Assim como a Páscoa, o Natal e outras datas comemorativas anuais, aqui está mais um álbum com a marca Robert Pollard de autoria. Seja solo, projetos paralelos ou a bordo de sua bem amada banda Guided By Voices, Pollard sempre tem algo a dizer, às vezes mais de uma vez por ano. O sujeito lança álbuns com a facilidade de quem abre a geladeira para pegar água. Sua proposta há muito deixou de ter a novidade por objetivo, algo que não parece causar qualquer problema para a apreciação de seus trabalhos por parte de seu público. Pelo contrário, os discos e projetos soam como conversas, reencontros com aquele pessoal que você não vê sempre, mas, periodicamente marca de se encontrar para atualizar a conversa. Amigos de trabalho, amigos de colégio, coisas assim. Essa é a ideia de Robert e não há nada de errado nisso, pelo contrário. De tempos em tempos, ele entrega um discaço, como é o caso deste luminoso How Do You Spell Heaven.
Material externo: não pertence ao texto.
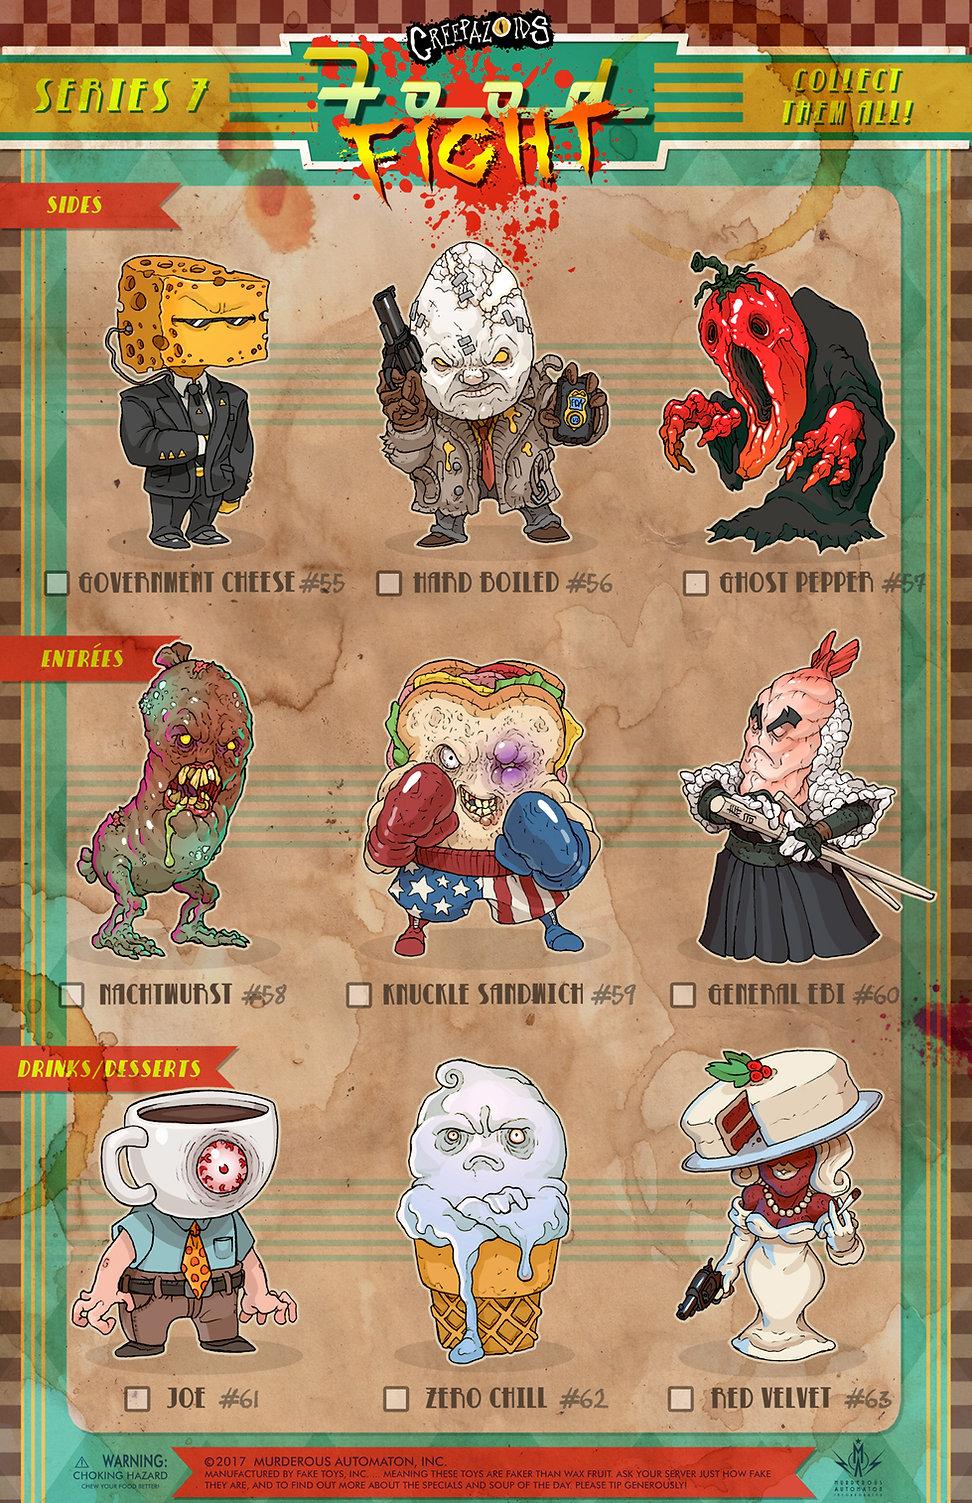 07 Creepazoids--Food Fight.jpg

Como dissemos: aqui não está a última moda. O que temos são quinze faixas simples, privilegiando a base guitarras/violão, baixo, bateria e vocais. A influência é o Pop anglo-americano setentista, devidamente reprocessado pela ótica noventista, soando menos complicado e subversivo que então, privilegiando melodia, vocais harmoniosos e belas canções. Na verdade, estas quinze canções erguem uma zona de conforto para ouvintes que sentem saudades de algo que se foi neste caos do cotidiano atual. Talvez seja saudade de ver TV, de falar ao telefone fixo com alguém, bater papo na rua, sabe, coisas num ritmo mais lento. É difícil falar sobre isso para gente que já nasceu em 78 rpm, como de 2000 para cá, porém, creiam, houve um tempo em que havia mais possibilidades de aproveitar coisas simples. De alguma forma não-expressa, a sonoridade obtida por Pollard e seus amigos neste álbum faz isso, resgata o Rock de um presente monótono e decadente para um passado recente de gentileza e saudável alienação do bem. Não é saudade do passado ou desejo que ele retorne, é apenas um intervalo na correria, uma espécie de meditação.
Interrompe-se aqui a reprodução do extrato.